Даешь симфонию скрежета металла каждому – бесплатно и без смс.
Даешь Конец света в стиле панк-рок.
Даешь вечеринку с взрывчато-алкогольными коктейлями по рецепту Че Гевары – три четверти бензина плюс четверть масла.
Даешь отрезвляющий пинок под зад современному человечеству, залипшему в свой смартфон.
Паника. Страх. Рок-н-ролл.
Вот чего хочет Кир.
Мы с Киром находимся на крыше заброшенного часового завода на окраине Москвы. Отличная площадка для наблюдения за концом света. Или для вынесения смертного приговора. Шершавый рубероид, на котором мы когда-то играли в футбол, наверняка уже отпечатался узором на моих коленях.
План Кира по устранению Системы довольно прост.
Ацетон и перекись водорода необходимы для триперекиси ацетона. Это инициализирующее взрывчатое вещество, использующееся в самодельных детонаторах. В своем составе не содержит нитрогрупп, поэтому не обнаруживается поисковыми собаками.
Засунь это добро в картонную коробку из-под обуви и иди творить величайшее волшебство из книжек про Гарри Поттера.
Сегодня умрет Старый Мир, но я жалею только о розоволосой Еве. Именно из-за нее я сейчас и готовлюсь получить пулю.
Ева.
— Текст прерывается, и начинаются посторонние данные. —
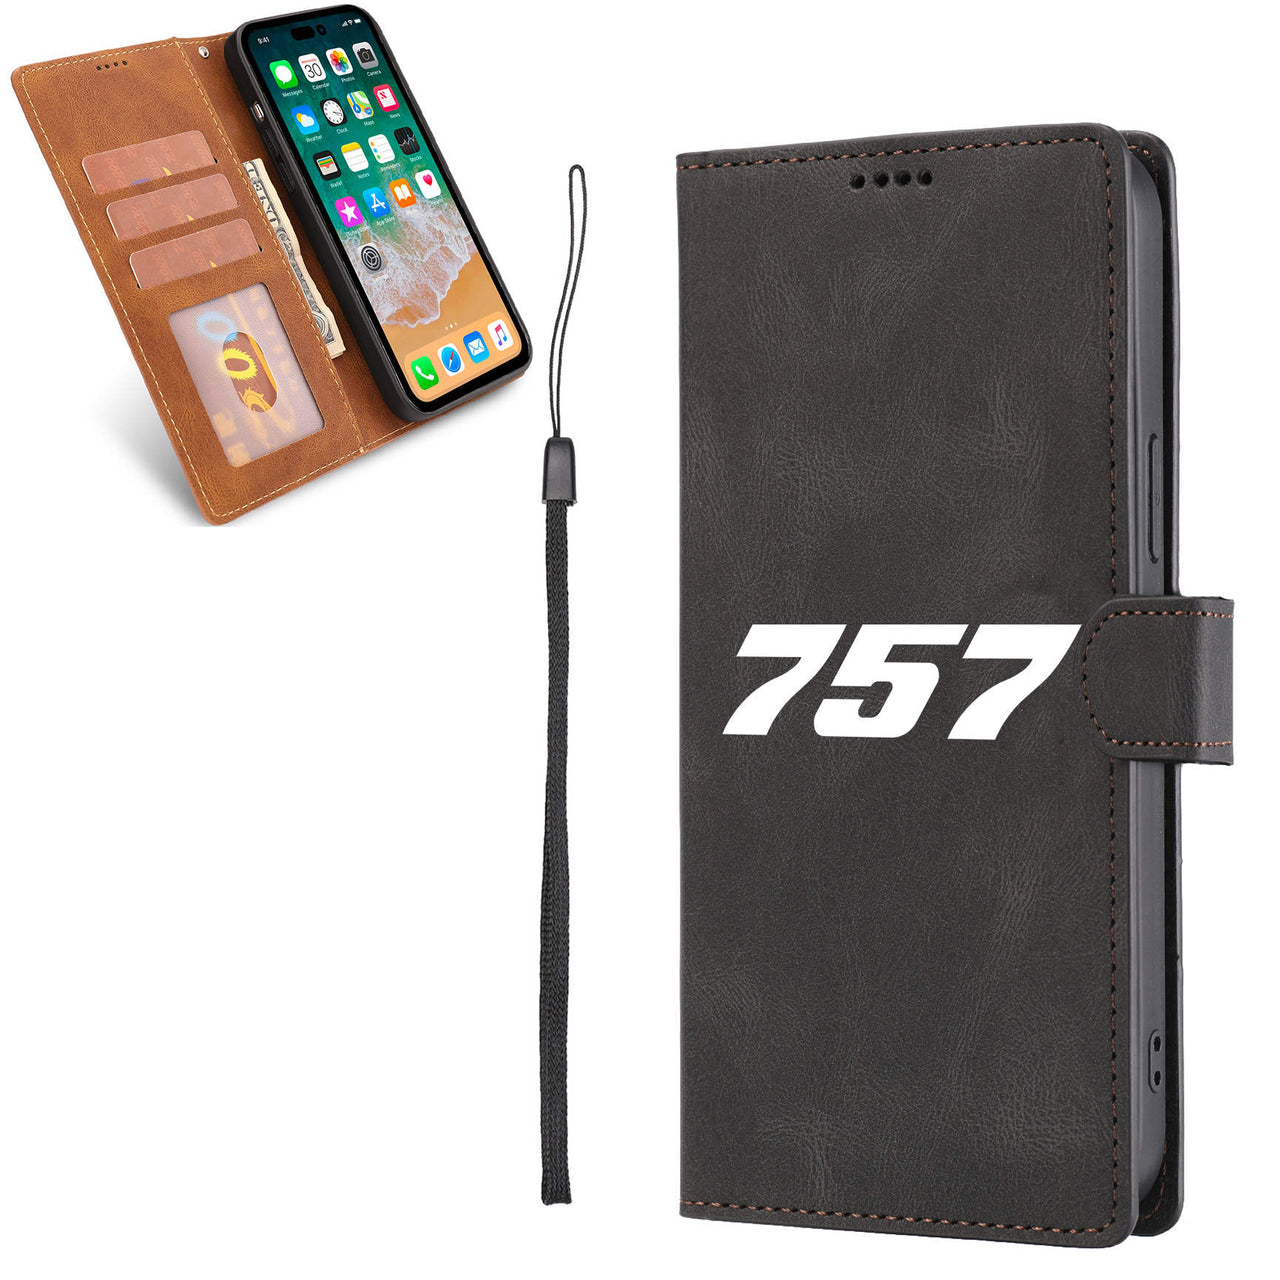 757 Flat Text Designed Leather iPhone Cases

Где же она теперь?
– Ты что, плачешь? – спрашивает меня Кир.
– Это все пыльца, – говорю я дрожащим голосом и вытираю глаза окровавленным рукавом.
– Мне жаль убивать тебя, Попрыгунчик, – говорит Кир. – Но ничего не поделаешь, ведь ты сам вырыл себе могилу.
На самом деле могилу мне вырыли Сид и Тоторо, одни из первых террористов-учеников. Но сейчас я не в том положении, чтобы придираться к словам.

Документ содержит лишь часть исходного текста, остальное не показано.